## Action item:
Your output consists solely of the lines from the one that contains "Valentino Garavani Leather" to the end of the material, each reproduced exactly; pictures do not belong in it.

## Available data:

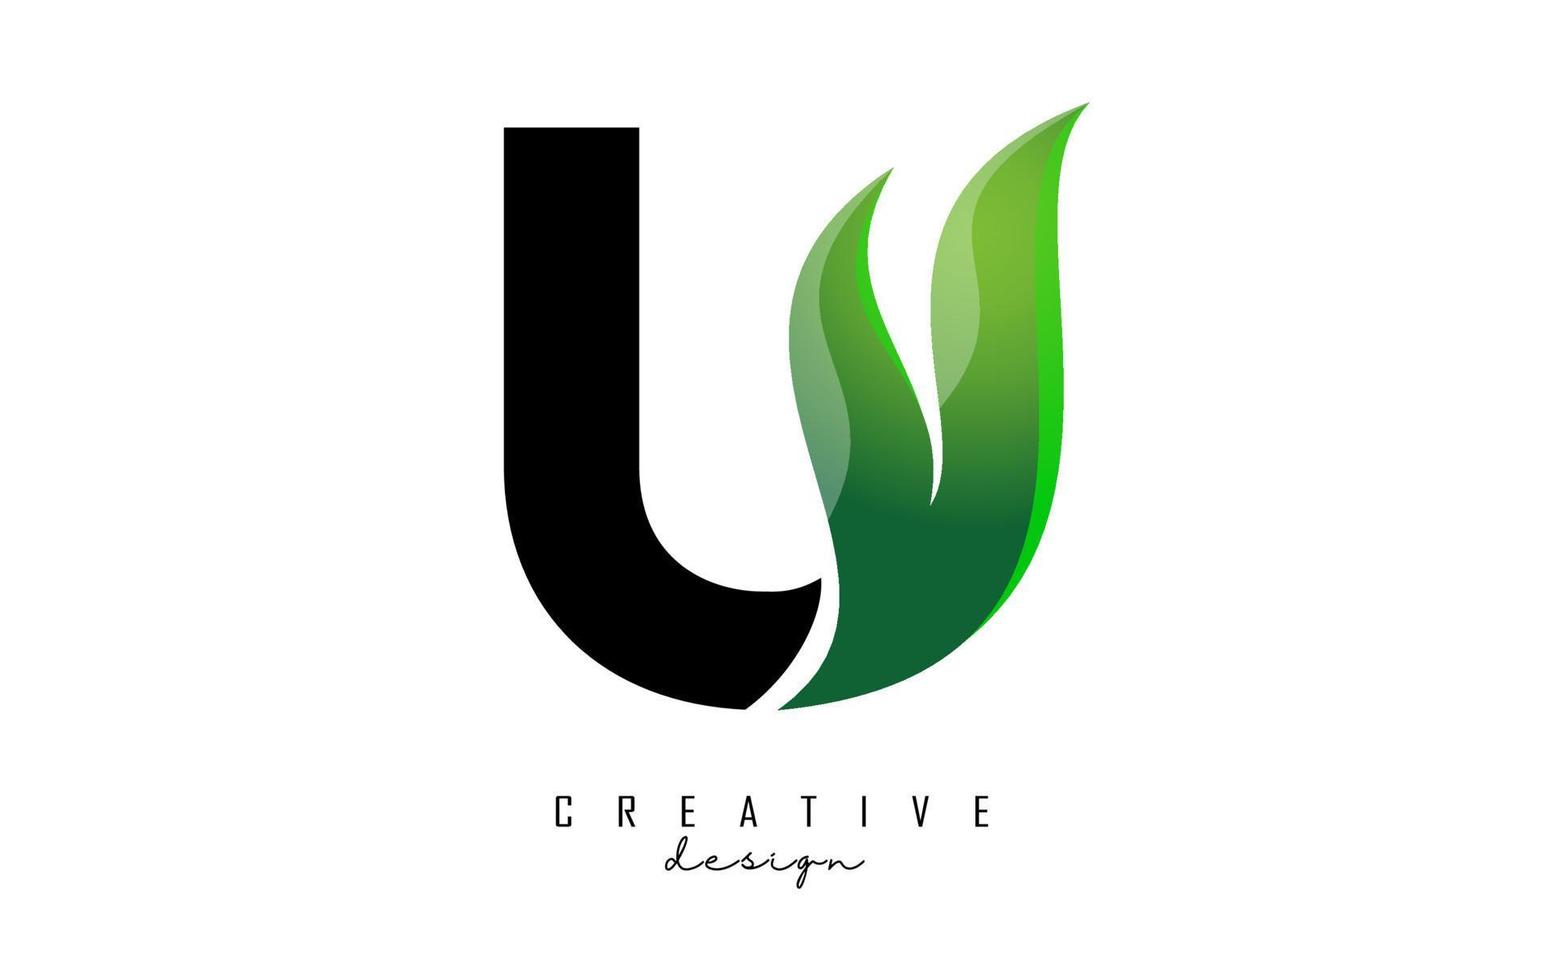 Vector illustration of abstract letter U with green leaf design.
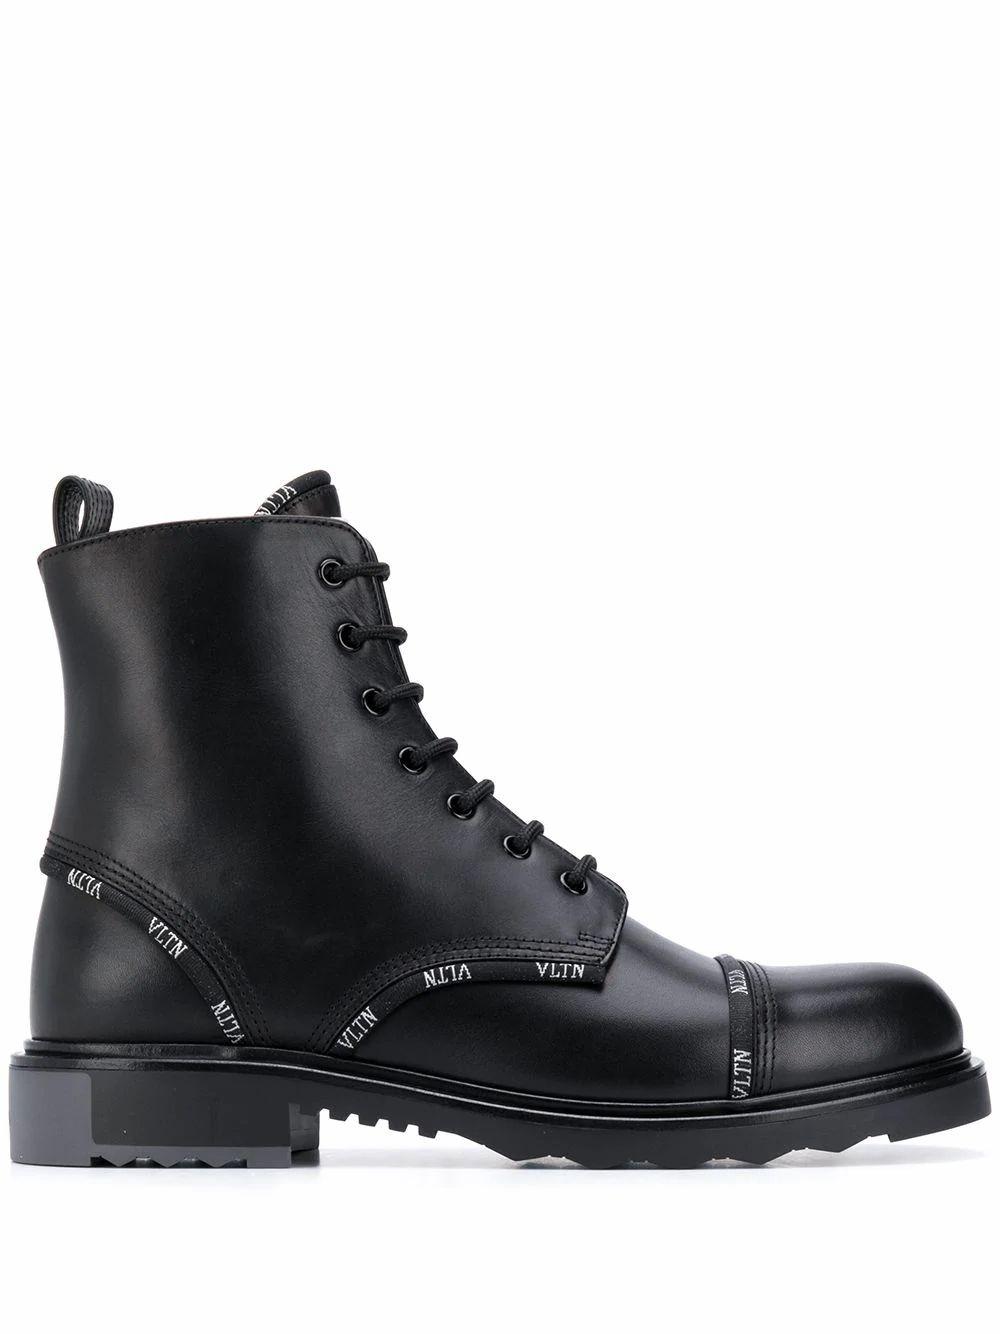 Valentino Garavani Leather Ankle Boots in Black for Men - Lyst
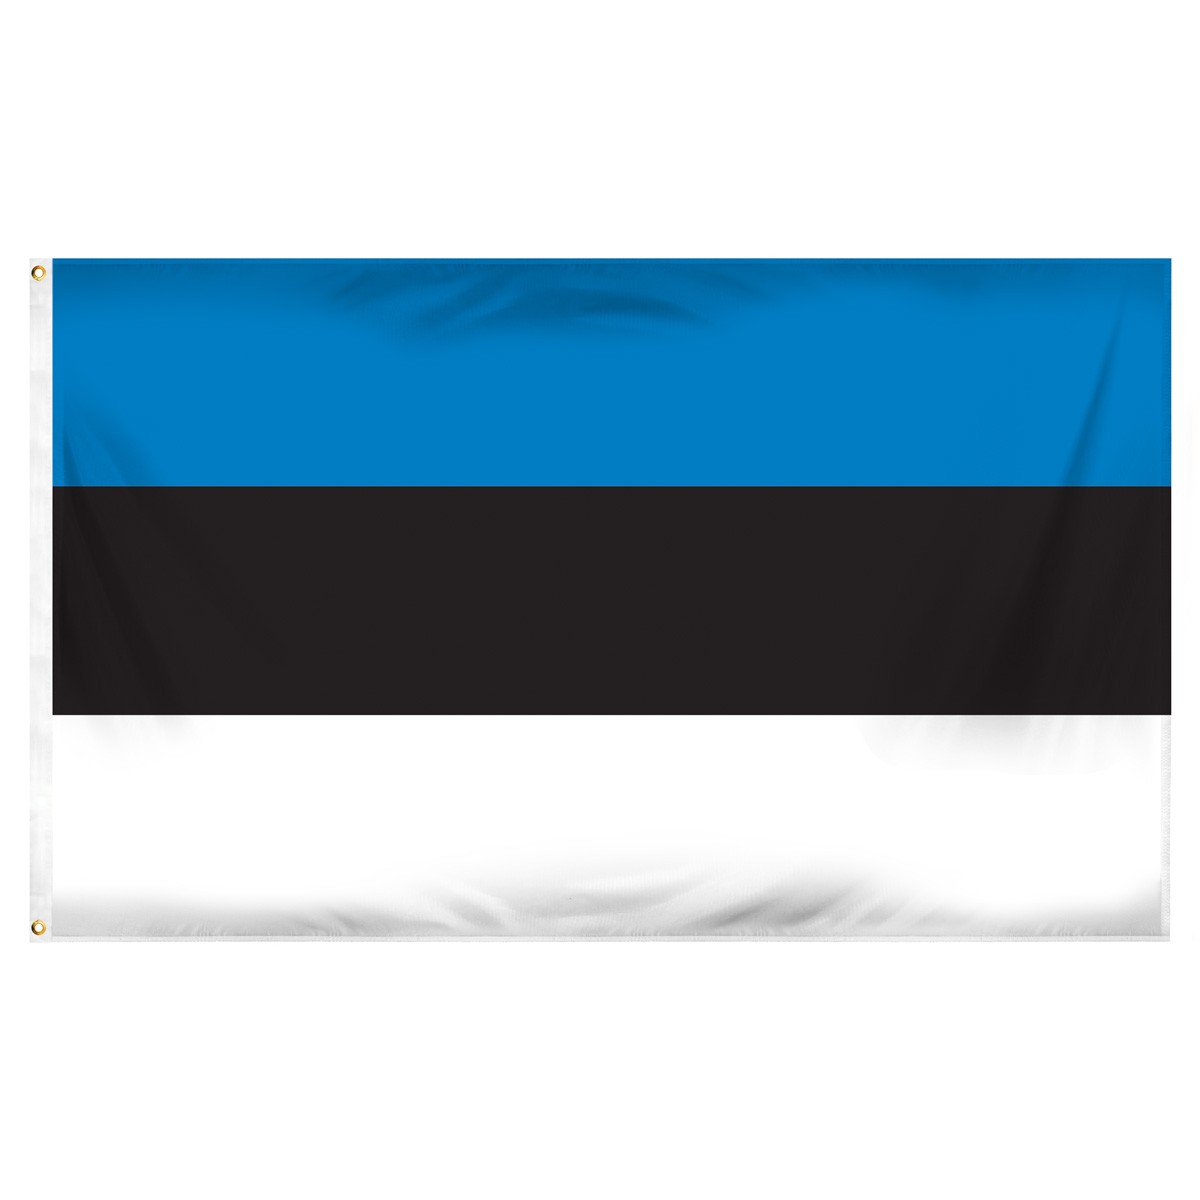 Estonia Building Pennants and Flags

## Reply to the task:
 Valentino Garavani Leather Ankle Boots in Black for Men - Lyst
 Estonia Building Pennants and Flags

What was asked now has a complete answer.